Tecnologia — como influi sobre nós
NO CONTO de fadas de Goethe, O Aprendiz de Feiticeiro, popularizado pela música de Paul Dukas, e pelo filme Fantasia, de Walt Disney, o aprendiz teve a idéia de utilizar o poder oculto de seu amo para aliviar seu próprio trabalho. Mandou um cabo de vassoura trabalhar, carregando água para ele. Não sabendo controlá-lo, logo descobriu que tal escravo obediente, porém desprovido de inteligência, carregou tanta água para dentro de casa que a inundou. Essa história, naturalmente, teve um final feliz — o amo veio socorrê-lo.
Semelhante ao cabo de vassoura do aprendiz, a tecnologia é, basicamente, um poderoso instrumento. Pode ser utilizada para facilitar nosso trabalho, torná-lo mais eficiente e, talvez, até mesmo mais prazeroso. Mas, quando não é devidamente controlada, ou quando é mal empregada, ela também pode tornar-se uma força com conseqüências desastrosas, até mesmo fatais.
Exemplo primário disto é o automóvel. Não resta dúvida de que o automóvel trouxe muitas vantagens e benefícios à sociedade em geral. Todavia, quem poderia negar os efeitos nocivos colaterais, tais como a poluição atmosférica e sonora, e as mortes e os ferimentos causados por acidentes e pela forma descuidada de dirigir? Esta inovação tecnológica é, no máximo, uma bênção dúplice.

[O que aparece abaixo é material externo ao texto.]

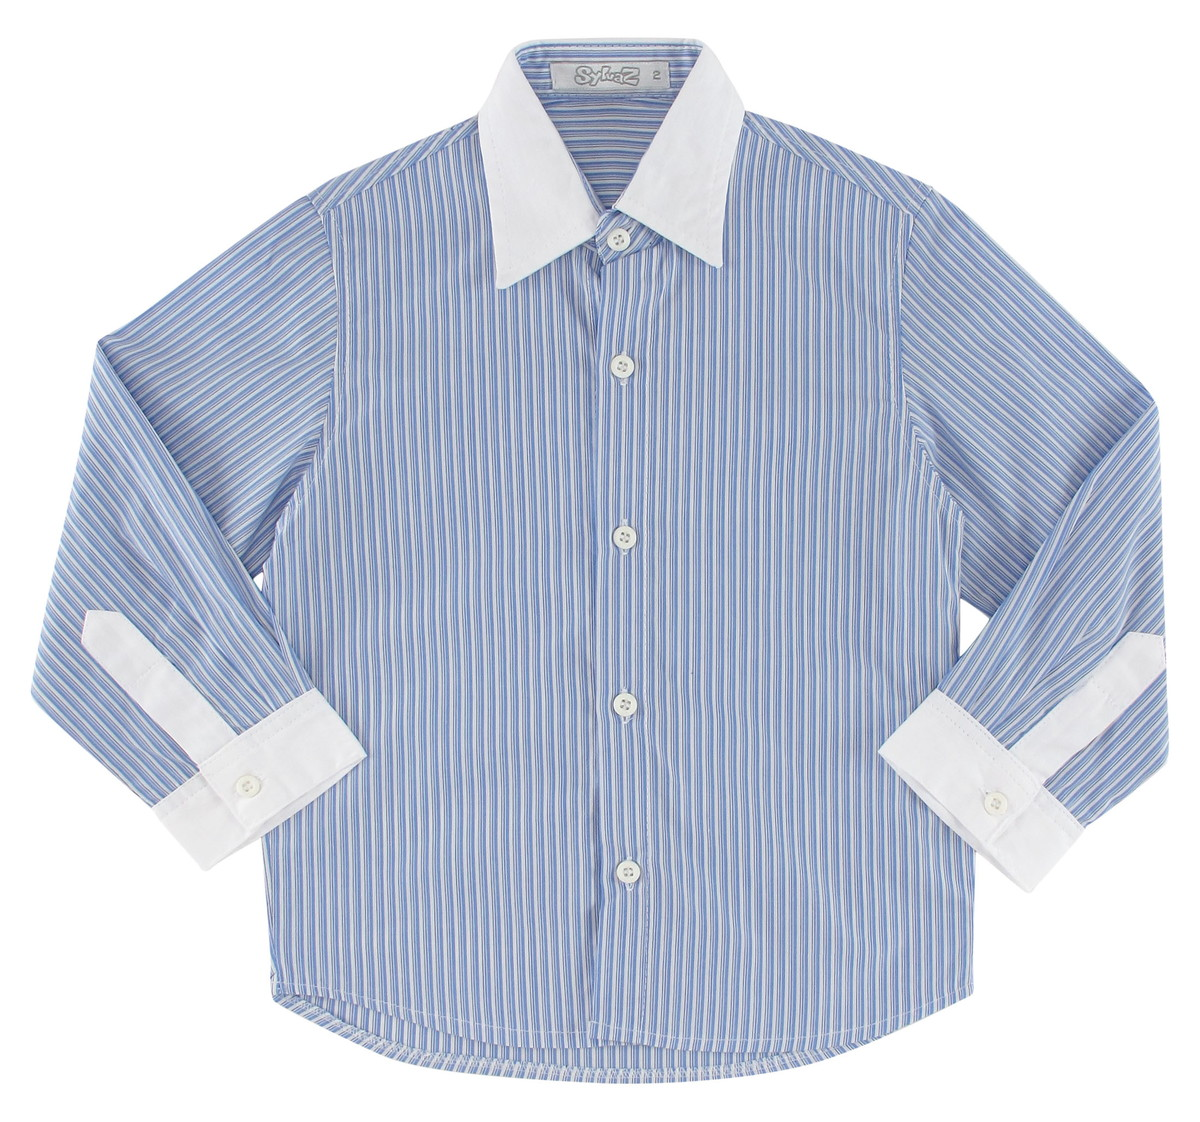 6dcc8d3ab Camisa Social Infantil Manga Longa no Elo7

Mas o efeito da tecnologia vai muito além disso. A tecnologia permeia de tal modo nosso mundo moderno que está modificando não só nosso modo de trabalhar e de viver, mas também nossos valores, nosso enfoque sobre nós mesmos, e da sociedade como um todo. Assoma a questão: Temos utilizado a tecnologia de forma sábia, para nossa própria bênção, ou será que a tecnologia passou a dominar nosso modo de vida, para nosso próprio mal?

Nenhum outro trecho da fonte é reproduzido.